S2, route setting: carry out on-the-spot reconnaissance to being patrolled and examined photovoltaic power plant, draw a suitable unmanned aerial vehicle and patrol and examine the route, the route principle is: the route is free of shielding objects, the route is parallel to the arrangement mode of the photovoltaic array, and all the patrolled photovoltaic arrays are covered by the shortest route.

S3, sample preparation by energization: (1) at night, under the condition that the photovoltaic array does not output current any more, disconnecting the upper switch of the tested combiner box and disconnecting the combiner box from the upper inverter; (2) disconnecting branch switches of all photovoltaic arrays at the positive end of the combiner box; (3) and respectively loading positive and negative cables of the direct-current power supply on positive and negative buses of the combiner box.

S4, positioning the unmanned aerial vehicle: starting the unmanned aerial vehicle, and manually controlling the unmanned aerial vehicle to fly above the tested photovoltaic array.

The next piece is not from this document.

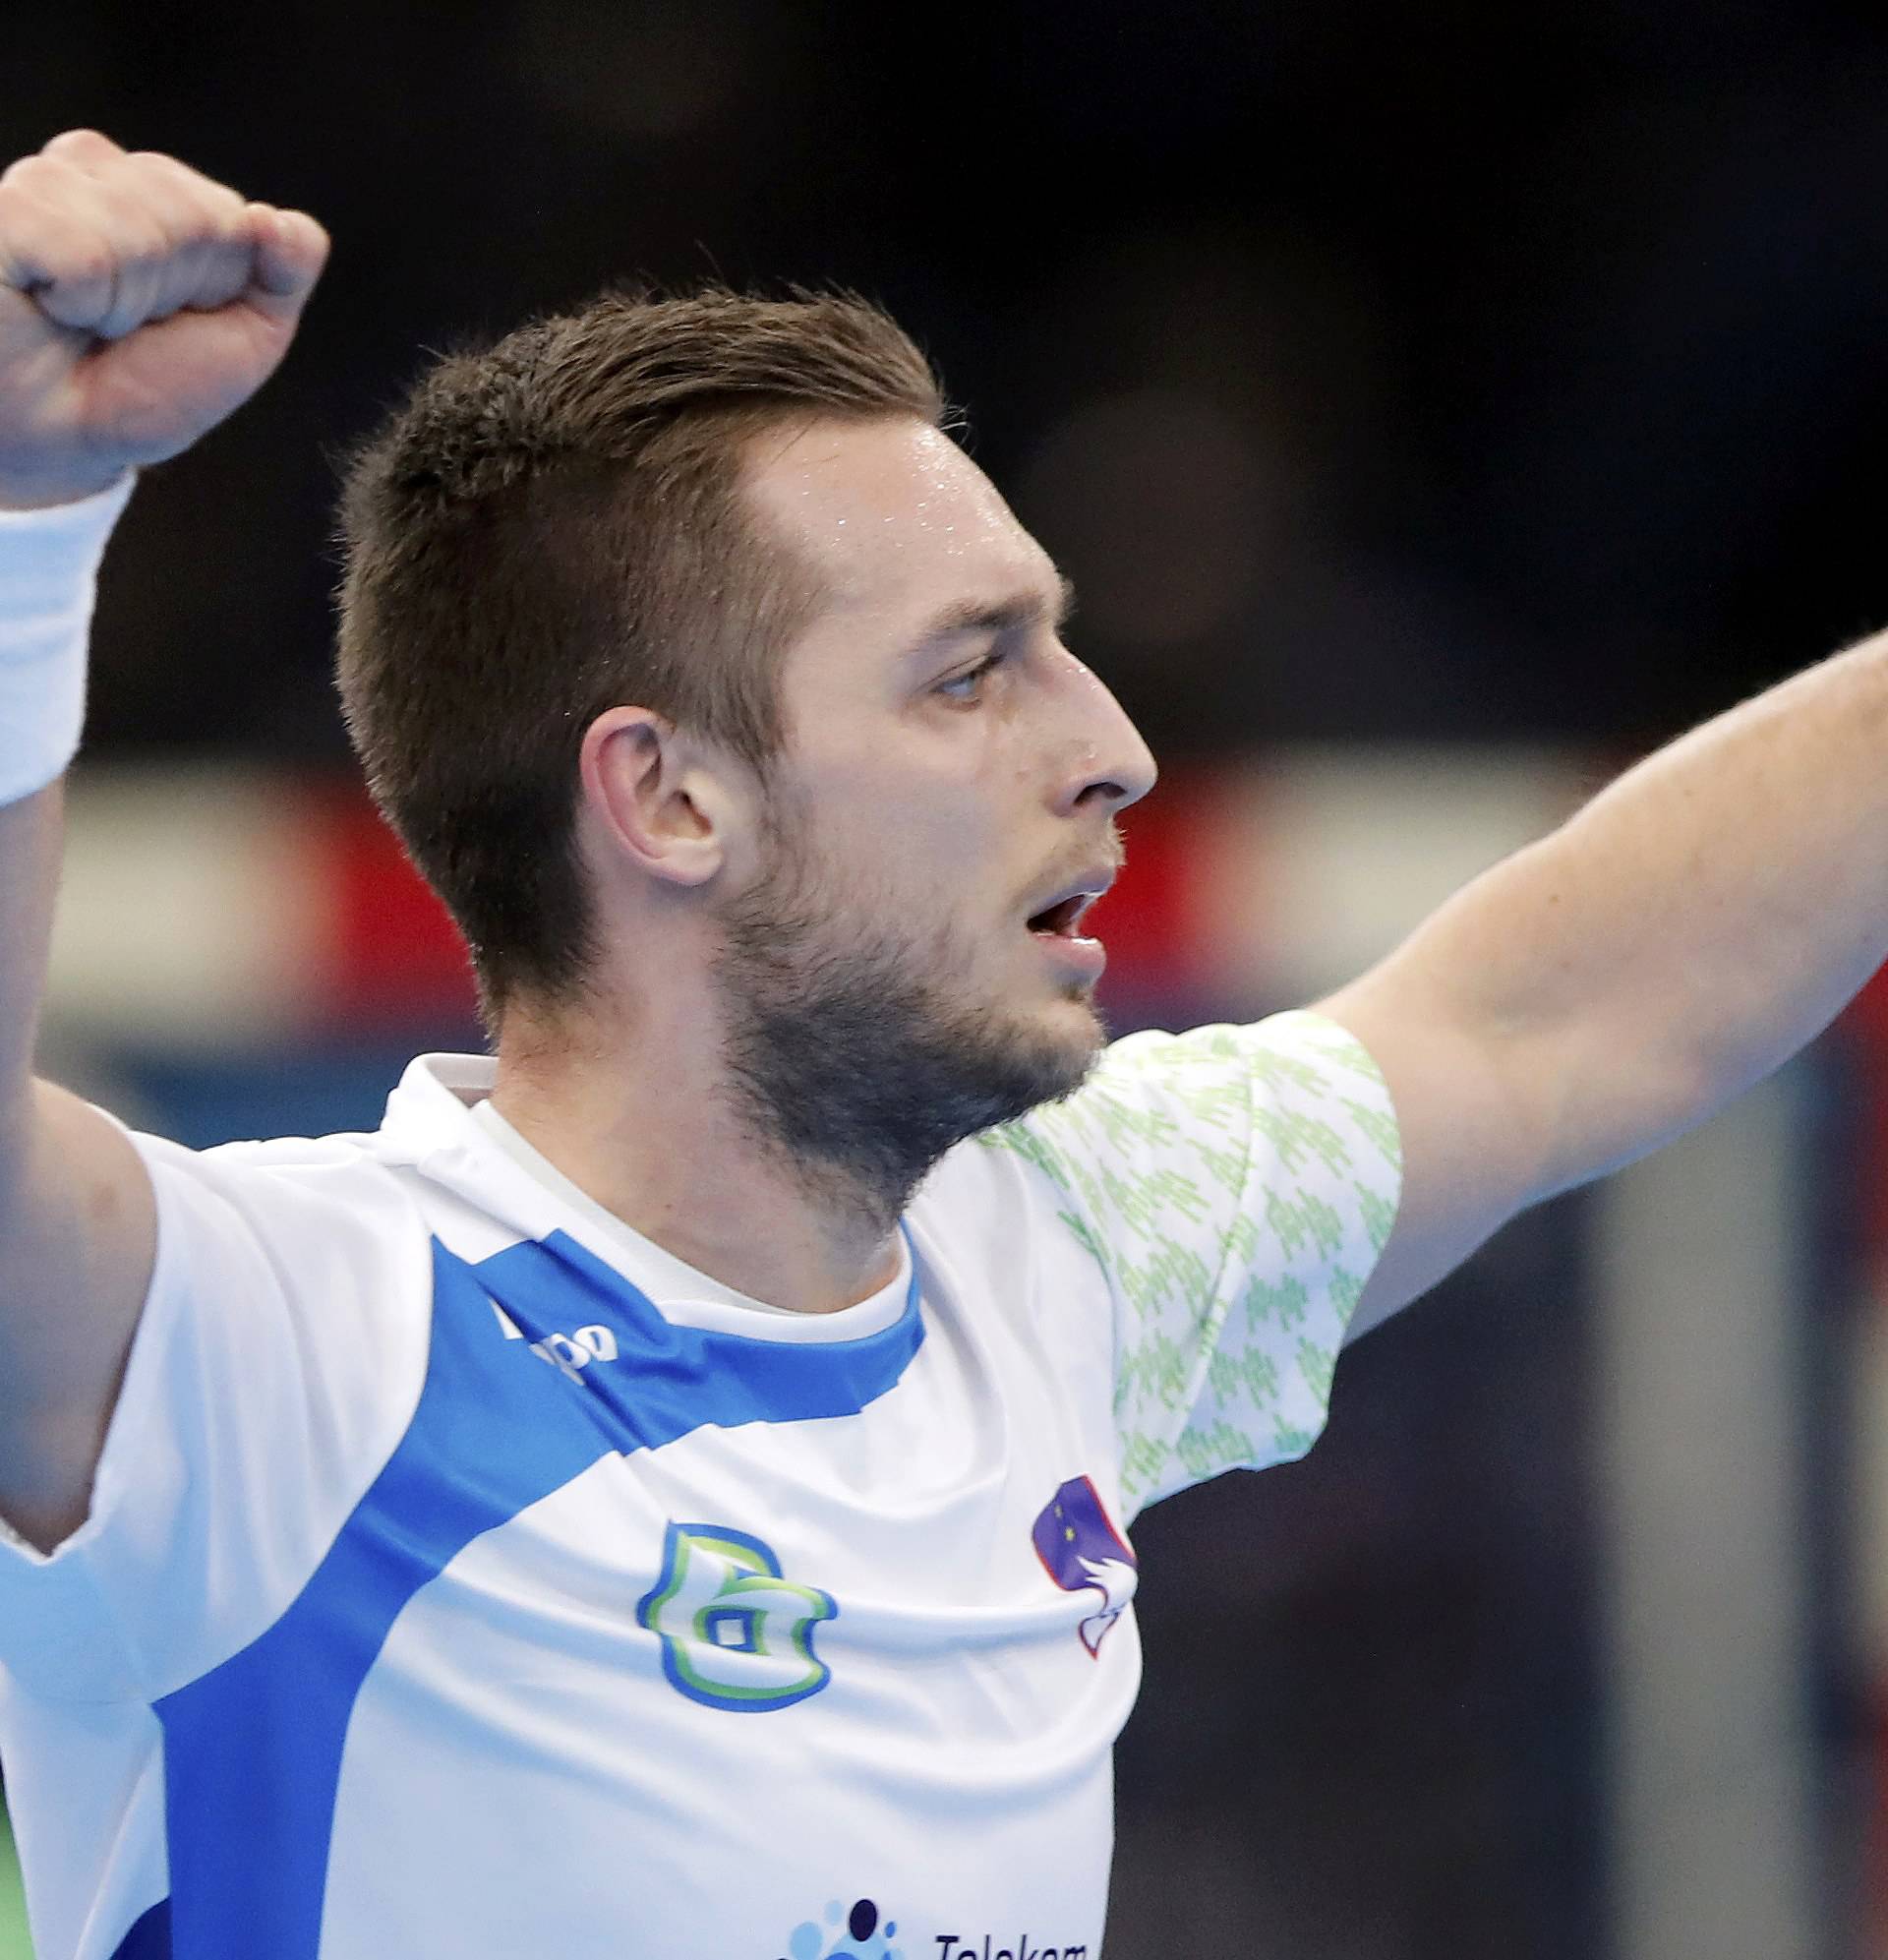 Men's Handball - France v Slovenia - 2017 Men's World Championship Semi-Finals 
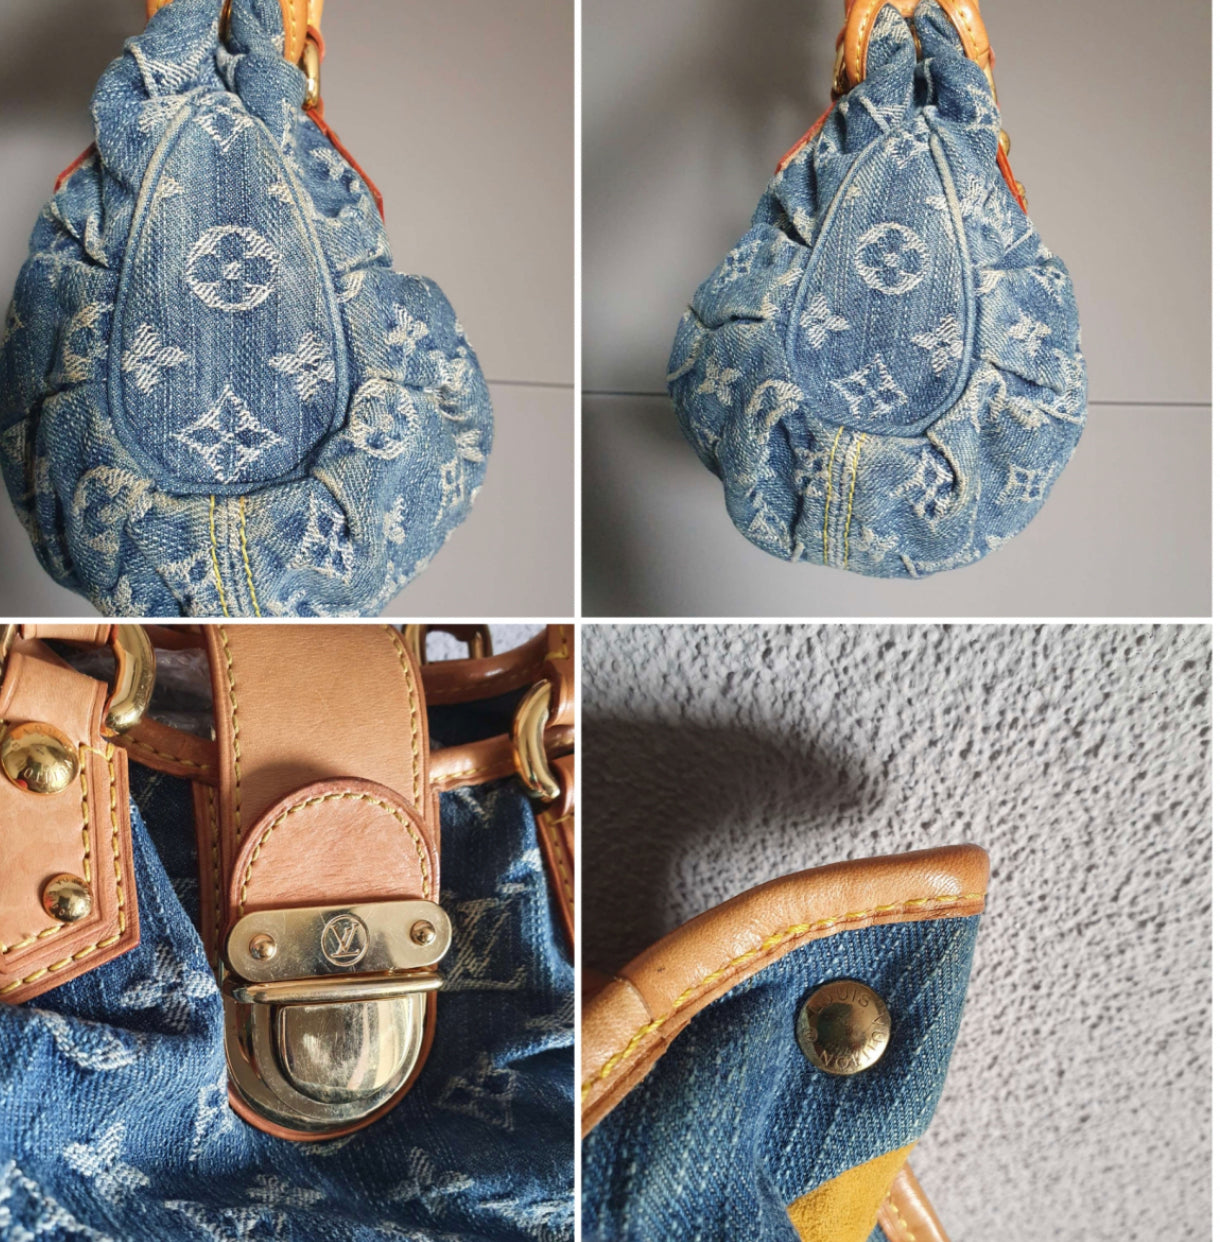 Louis Vuitton platty denim mini handbag

S5, sample energization: closing an anode switch of the tested photovoltaic array in the combiner box to electrify the tested photovoltaic array; (2) after the power is successfully switched on, the monitoring terminal can capture the infrared defects of the photovoltaic array to be detected and convert the infrared defects into an infrared digital image.

S6, focus adjustment: and controlling a focusing remote controller to adjust the image to be clearest according to the defect image displayed by the video monitoring terminal in real time, and then starting a video recording function.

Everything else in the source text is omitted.